Nothing in PostgreSQL is rebuilt by this. Your existing indexes are still physically ordered by the old rules, while every new comparison uses the new rules. The index and the collation now disagree, and that is corruption, even though every file is intact.

How the corruption shows up

The symptoms are subtle and data-dependent. A query with a range predicate on text misses rows that are physically in the index but on the "wrong" side of the new ordering. A unique index fails to find an existing key during an insert and lets a duplicate through. An ORDER BY returns results that are not actually ordered.

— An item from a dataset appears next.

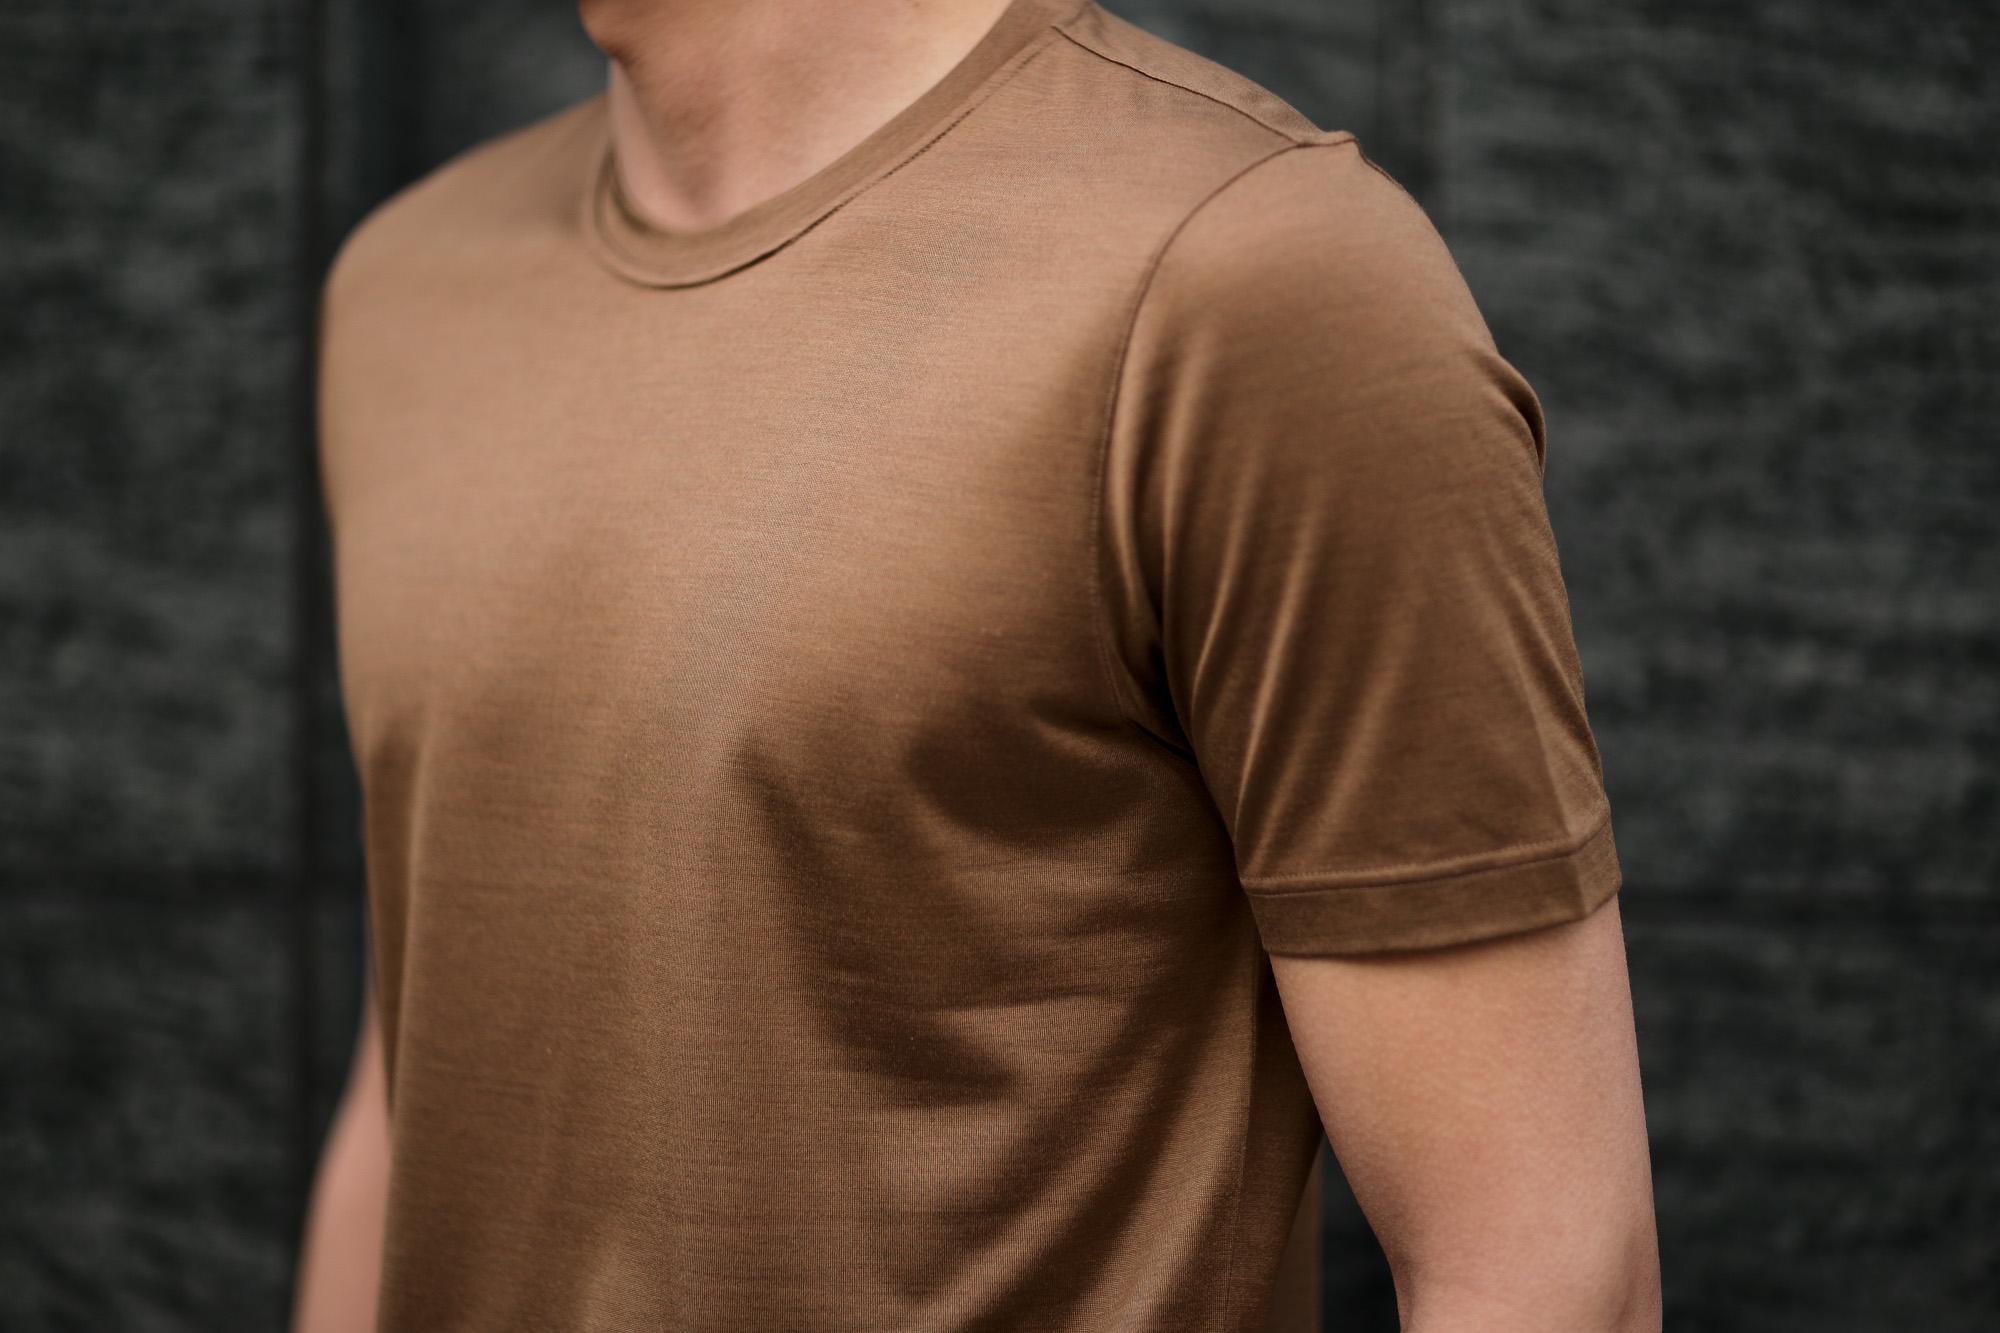 Gran Sasso (グランサッソ) Silk T-shirt (シルク Tシャツ) SETA (シルク 100%) ショートスリーブ シルク Tシャツ GOLD (ゴールド・160) made in italy (イタリア製) 2020 春夏新作  愛知 名古屋 altoediritto アルトエデリット

Because it only affects comparisons that fall in the region where old and new rules differ, you can have a corrupted index that returns correct results for 99% of queries, which is exactly why it goes undetected for months.

Detecting it with amcheck

The amcheck extension can verify that a B-tree index is internally consistent with the current collation. Running it after any OS or glibc change is the single most valuable habit here. If an index is ordered by stale rules, amcheck will report it.

Run it across your text indexes, especially unique ones on user-facing identity columns like email, username, and slug, where a silent duplicate is a real correctness bug.

CREATE EXTENSION IF NOT EXISTS amcheck;

-- Verify a specific index against current collation rules
SELECT bt_index_check('users_email_key', true);

-- Sweep all btree indexes on text-bearing tables
SELECT c.relname,
       bt_index_check(c.oid, true)
FROM pg_index i
JOIN pg_class c ON c.oid = i.indexrelid
WHERE c.relam = (SELECT oid FROM pg_am WHERE amname = 'btree');

The fix is REINDEX, and you must do it deliberately

Once the collation has changed, every affected text index must be rebuilt so its physical order matches the new rules. REINDEX does this. Use REINDEX ... CONCURRENTLY to avoid locking out writes on a live system.

The critical sequencing point: do the reindex after the glibc change and before you trust uniqueness again. If you upgraded the OS days ago and only now noticed, you may already have duplicate data that slipped past a broken unique index, so check for and resolve duplicates before recreating the constraint.

-- Rebuild without blocking writes
REINDEX INDEX CONCURRENTLY users_email_key;

-- Or rebuild everything text-related on a table
REINDEX TABLE CONCURRENTLY users;

-- Before re-trusting a unique index, look for damage already done
SELECT email, count(*)
FROM users
GROUP BY email
HAVING count(*) > 1;

Prevent the next one with ICU collations

The durable fix is to stop depending on the host's glibc for ordering. PostgreSQL supports ICU collations, where the collation rules are versioned and travel with a known ICU library rather than whatever the OS ships. PostgreSQL records the collation version and will warn you when it detects a mismatch, which is exactly the early signal glibc never gives you.

On PostgreSQL 15 and later you can create an ICU-based database or column collation. It does not make collations immutable forever, but it makes version changes visible and controlled instead of silent.

-- An ICU collation records a version PostgreSQL can check
CREATE COLLATION app_default (provider = icu, locale = 'en-US');

ALTER TABLE users
  ALTER COLUMN email TYPE text COLLATE app_default;

-- PostgreSQL tracks collation versions; mismatches become visible
SELECT collname, collversion
FROM pg_collation
WHERE collprovider = 'i';

The operational rule that prevents the 2 AM version

Treat any change to the C library as a database event, not just an OS event. That includes major-version OS upgrades, switching base images, and restoring a dump onto a different distribution. Each one demands the same response.

  1. Before the change, note the glibc/ICU version and the at-risk text indexes.
  2. After the change, run amcheck across text and unique indexes.
  3. REINDEX CONCURRENTLY anything flagged, and re-verify.
  4. Check for duplicate data that a broken unique index may have admitted.
  5. Plan a migration to versioned ICU collations so the next change warns you.

The practical standard

The best PostgreSQL performance work is boring in the right way. Name the failure mode, capture the before plan or metric, make one change, and compare the exact same signal afterward. Anything else is just a more confident guess.